Sunday, 25 September 2016
Last updated 1 day ago
Sep 11 2009 | 1:28pm ET
Not even the crimson elite are immune from market upheaval. Harvard University’s endowment, which is heavily invested in private equity, hedge funds and other alternative investments, dropped 27.3% during the fiscal year ending June 30, but despite the decline, the universtory’s long-term performance remains solid.
The 5-year annualized return was 6.2, and the 10-year annualized return was 8.9%, with the overall value of Harvard’s endowment now standing at $26 billion.
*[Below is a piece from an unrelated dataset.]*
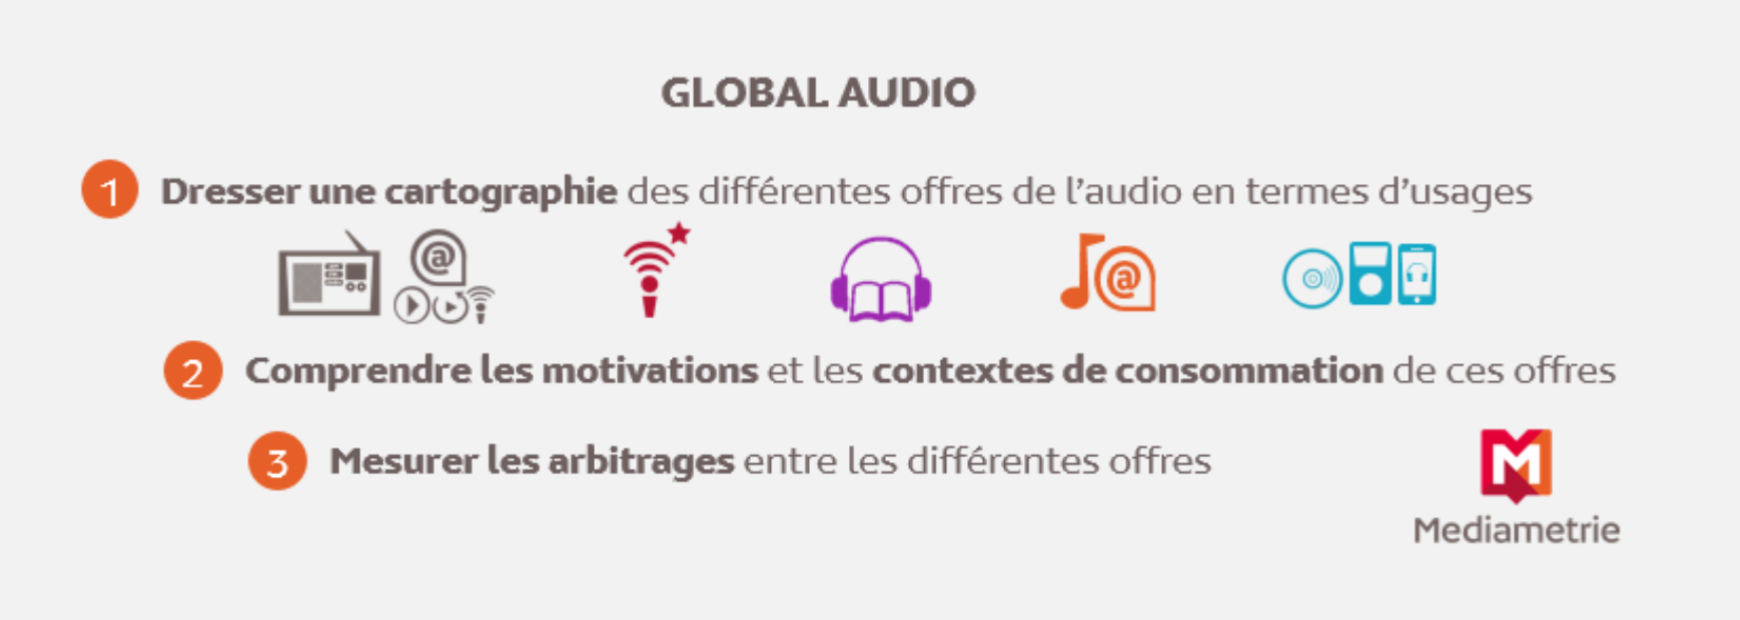 Médiamétrie lance "Global Audio"

“During the 2009 fiscal year we saw extreme volatility and financial dysfunction impacting markets around the world as well as the Harvard portfolio,” Harvard Management Company President and CEO Jane Mendillo told the Harvard Gazette.
“HMC actively managed the endowment through truly unprecedented conditions over the past year while maintaining the long-term focus on investment opportunities that has served Harvard so well historically.”
During the fiscal year, the endowment slashed commitments to private equity and real estate by $3 billion—to $8 billion from $11 billion. Yale President Richard Levin wrote a letter to faculty and staff explaining that the losses from these two asset classes would be offset by budget cuts, specifically staff layoffs and postponing campus expansion plans.